White matter abnormalities revealed by diffusion tensor imaging in non-demented and demented HIV+ patients

Abstract

HIV associated dementia (HAD) is the most advanced stage of central nervous system disease caused by HIV infection. Previous studies have demonstrated that patients with HAD exhibit greater cerebral and basal ganglia atrophy than non-demented HIV+ (HND) patients. However, the extent to which white matter is affected in HAD patients compared to HND patients remains elusive.

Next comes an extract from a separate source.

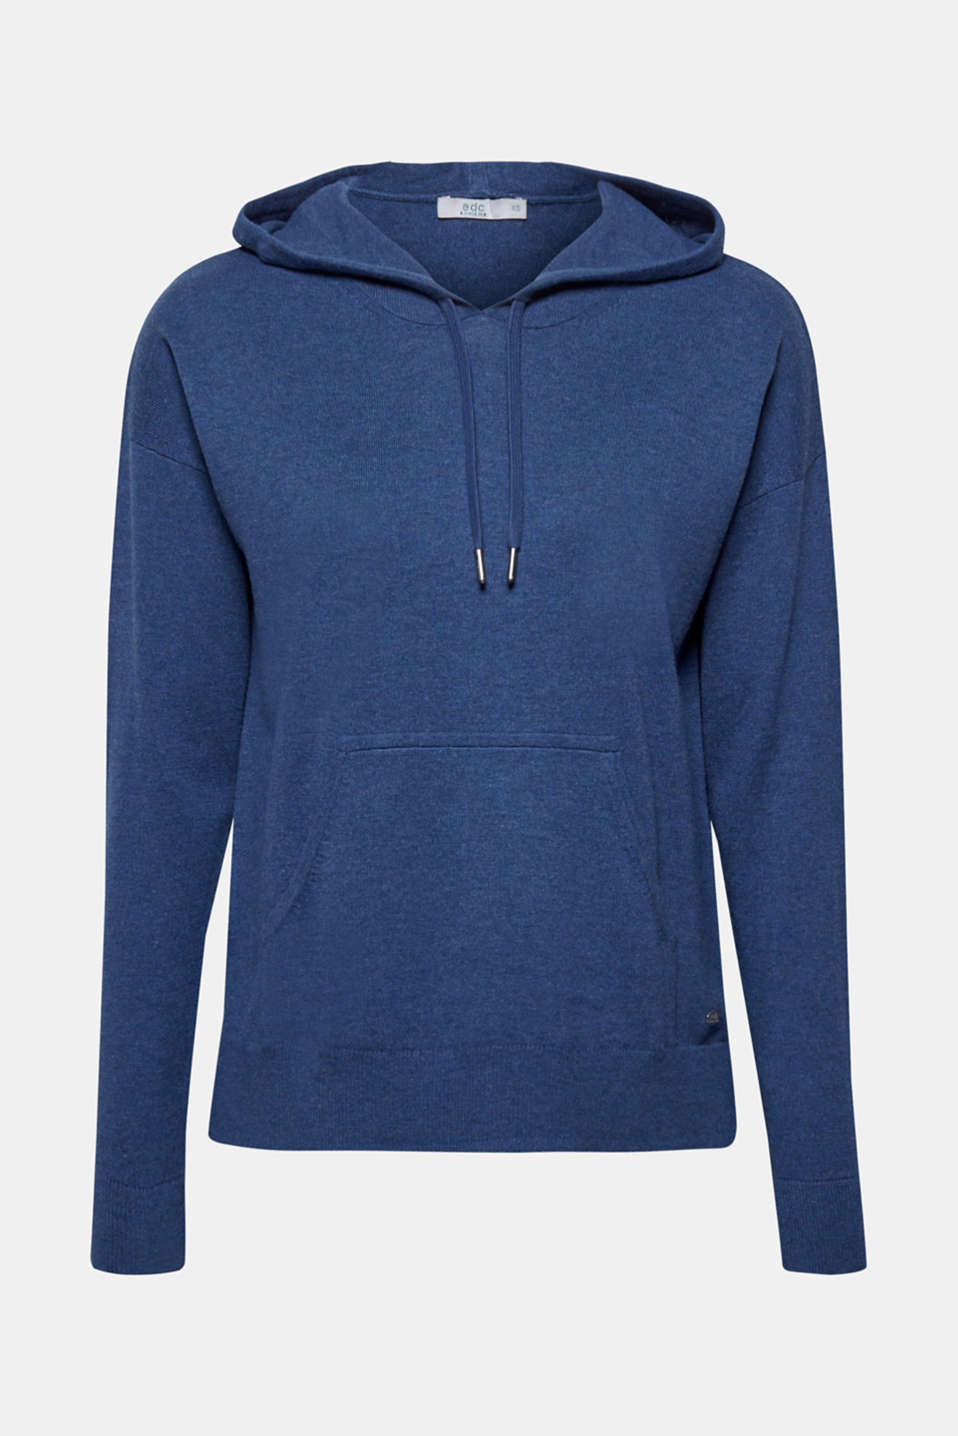 Sweaters, DARK BLUE 5, detail image number 5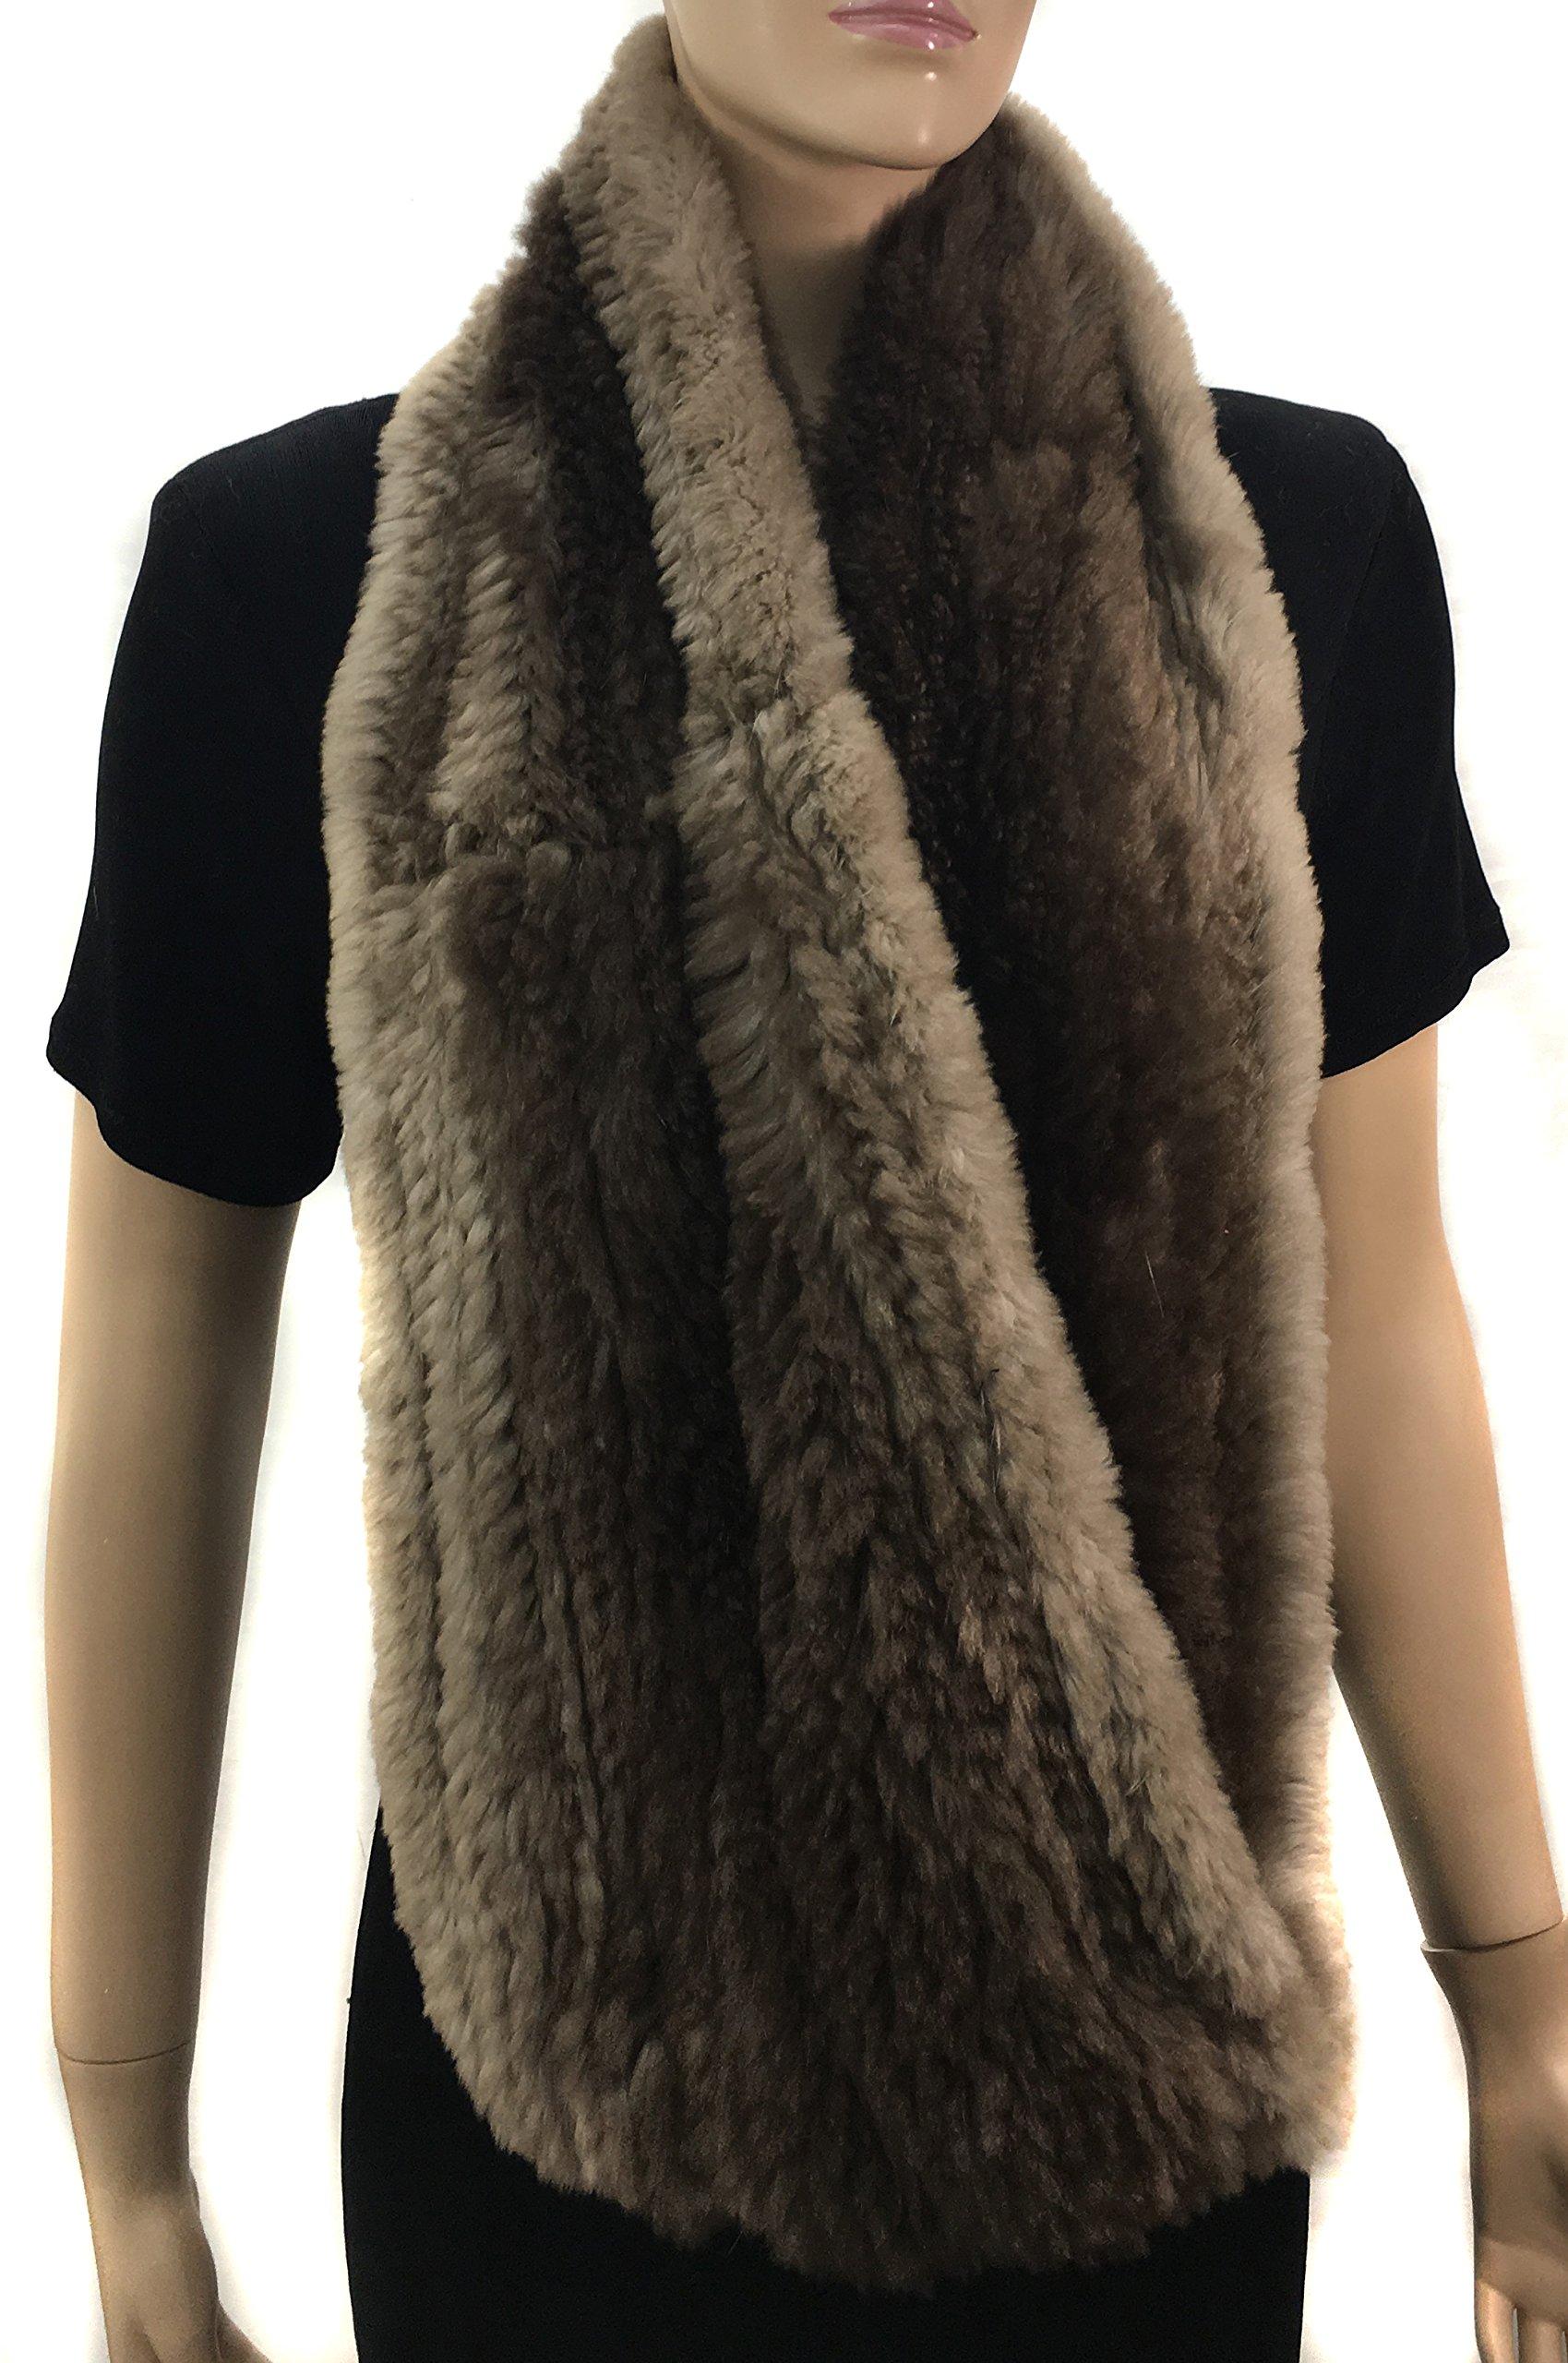 HIMA 100% Beaver Fur Infinity Scarf/Neck Warmer (Infinity Scarf) by Hima

This study is designed to address the potential white matter abnormalities through the utilization of diffusion tensor imaging (DTI) in both HND and HAD patients. DTI and T1-weighted images were acquired from 18 healthy controls, 21 HND and 8 HAD patients. T1 image-based registration was performed to 1) parcellate the whole brain white matter into major white matter regions, including frontal, parietal, temporal and occipital white matter, corpus callosum and internal capsule for statistical comparisons of the mean DTI values, and 2) warp all DTI parametric images towards the common template space for voxel-based analysis. The statistical comparisons were performed with four DTI parameters including fractional anisotropy (FA), mean (MD), axial (AD), and radial (RD) diffusivities. With Whitney U tests on the mean DTI values, both HND and HAD demonstrated significant differences from the healthy control in multiple white matter regions. In addition, HAD patients exhibited significantly elevated MD and RD in the parietal white matter when compared to HND patients. In the voxel-based analysis, widespread abnormal regions were identified for both HND and HAD patients, although a much larger abnormal volume was observed in HAD patients for all four DTI parameters. Furthermore, both region of interest (ROI) based and voxel-based analyses revealed that RD was affected to a much greater extent than AD by HIV infection, which may suggest that demyelination is the prominent disease progression in white matter.

Fig. 1

Four axial (top two panels) and coronal (bottom two panels) slices of the template T1 images and the corresponding parcellated major white matter regions including frontal, parietal, temporal, occipital white matter, corpus callosum and internal capsule, respectively.

Fig. 2

The mean (top panel) and standard deviation (bottom panel) maps of FA, MD, AD and RD (10⁻³ mm²/s for diffusivities) from all 47 subjects. For each DTI parameter, cross-sectional views of the mean and standard deviation maps are displayed with the same contrast to demonstrate the relative signal strength between them.

Fig. 3

The mean and standard deviation of the mean DTI parameters (FA, MD, AD and RD) for NORMAL, HND and HAD within frontal (FW), parietal (PW), temporal (TW) and occipital (OW) white matter, corpus callosum (CC) and internal capsule (IC). Symbols *, ** and *** indicate the statistical significant level of p<0.05, p<0.01 and p<0.001, respectively.

Fig. 4

The abnormal white matter regions detected in HND and HAD patient groups with voxel-based analysis in FA, MD, AD and RD. The affected brain areas with significantly reduced FA and elevated MD, AD, and RD in HND and HAD patient groups are superimposed upon the mean FA map of the healthy controls.

Fig. 5

The total volume of the identified significant regions by voxel-based analysis (cm³) with FA, MD, AD and RD, for HND and HAD patients in different major white matter regions.